Nel precedente articolo abbiamo voluto fornire una introduzione di cosa sono gli SDGs e come Aicem si impegnerà nel mese di Settembre nella diffusione dei 17 obiettivi dell’Agenda 2030, iniziando con un approfondimento dedicato all’obiettivo numero 5.

Per la prima volta la parità fra uomini e donne diventa un obiettivo affrontato dall’ONU e quindi si fa materia di interesse globale, coinvolgendo le società civili e i governi dei 193 Paesi membri dell’ONU. La tematica delle disuguaglianze fra donne e uomini in termini di opportunità socio-economiche, gestione della salute, trattamento sociale e individuale e violenza perpetrata sulle donne in quanto donne, oltre ad essere materia dell’obiettivo numero 5, compare anche come  traguardo di altri obiettivi dell’Agenda, in quanto lente attraverso cui analizzare le questioni sociali più critiche, per risolvere i problemi legati alla povertà, alla fame, all’esclusione sociale.  

Si fa, quindi, riferimento alla necessità di garantire una parità di genere come precondizione per raggiungere i risultati prefissati all’interno dei punti 1-2-3-4-6-8-11, obiettivi che riguardano nel complesso problematiche sociali, povertà e nutrizione:  eliminare la disparità di genere a livello mondiale significa rafforzare l’incremento di uno sviluppo economico, sociale e sostenibile all’interno di tutte le comunità, soprattutto quelle rurali dei Paesi in via di sviluppo.

Nel punto 5 sono riconosciuti sei ambiti di azione, chiamati traguardi, all’interno dei quali l’Agenda 2030 invita ad intervenire in maniera decisa e diretta con politiche, attività e progetti.
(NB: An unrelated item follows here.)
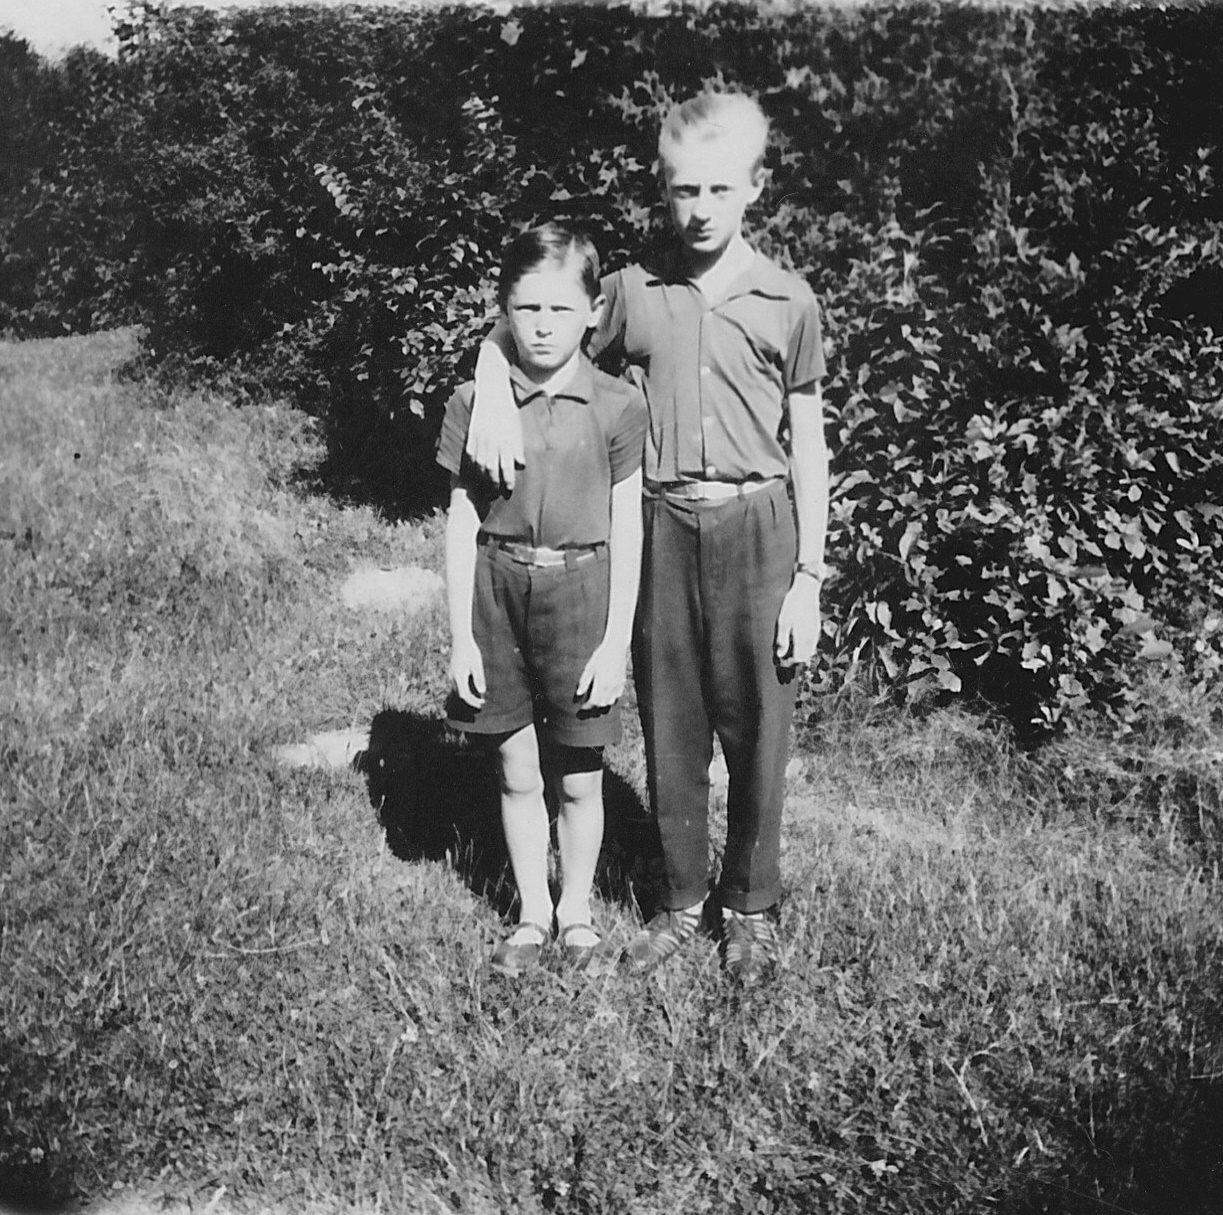 Ted on the left with me (Stan) on the right.<br />
Cir. 1957-58, Poland.

Con la nostra campagna di approfondimento abbiamo deciso di approfondire due aspetti fondamentali della disparità: l’accesso universale alla salute sessuale e riproduttiva, e la lotta a ogni forma di violenza verso le donne. Esse sono entrambe due questioni ancora fortemente critiche in Italia, che meriterebbero, oltre ad una maggiore indignazione mediatica, azioni concrete e risolutive, per garantire la costruzione di una società che sia paritaria e non violenta per tutti e tutte. Una società che sia sensibile alle diversità sia biologiche che sociali, garantendo ad ognuno la soddisfazione delle proprie esigenze nel campo della salute, attraverso una applicazione orizzontale e democratica dell’offerta medico-sanitaria per tutti e tutte.

La salute e la relazione tra fattori economici e sociali

La salute è la dimensione attraverso cui possiamo facilmente delineare il sistema di diseguaglianze che si perpetuano all’interno della società. La distribuzione dei fenomeni di salute e malattia è, infatti, un indice che mette in luce le possibilità socio-economiche di una data comunità e il funzionamento del sistema di welfare.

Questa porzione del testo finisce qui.